The whole listing is to be reproduced exactly as given.

Data shown:
+-------+
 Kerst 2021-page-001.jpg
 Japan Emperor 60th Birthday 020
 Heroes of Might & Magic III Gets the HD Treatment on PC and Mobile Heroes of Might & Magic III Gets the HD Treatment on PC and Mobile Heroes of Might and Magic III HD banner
+-------+
Written response:
 Kerst 2021-page-001.jpg
 Japan Emperor 60th Birthday 020
 Heroes of Might & Magic III Gets the HD Treatment on PC and Mobile Heroes of Might & Magic III Gets the HD Treatment on PC and Mobile Heroes of Might and Magic III HD banner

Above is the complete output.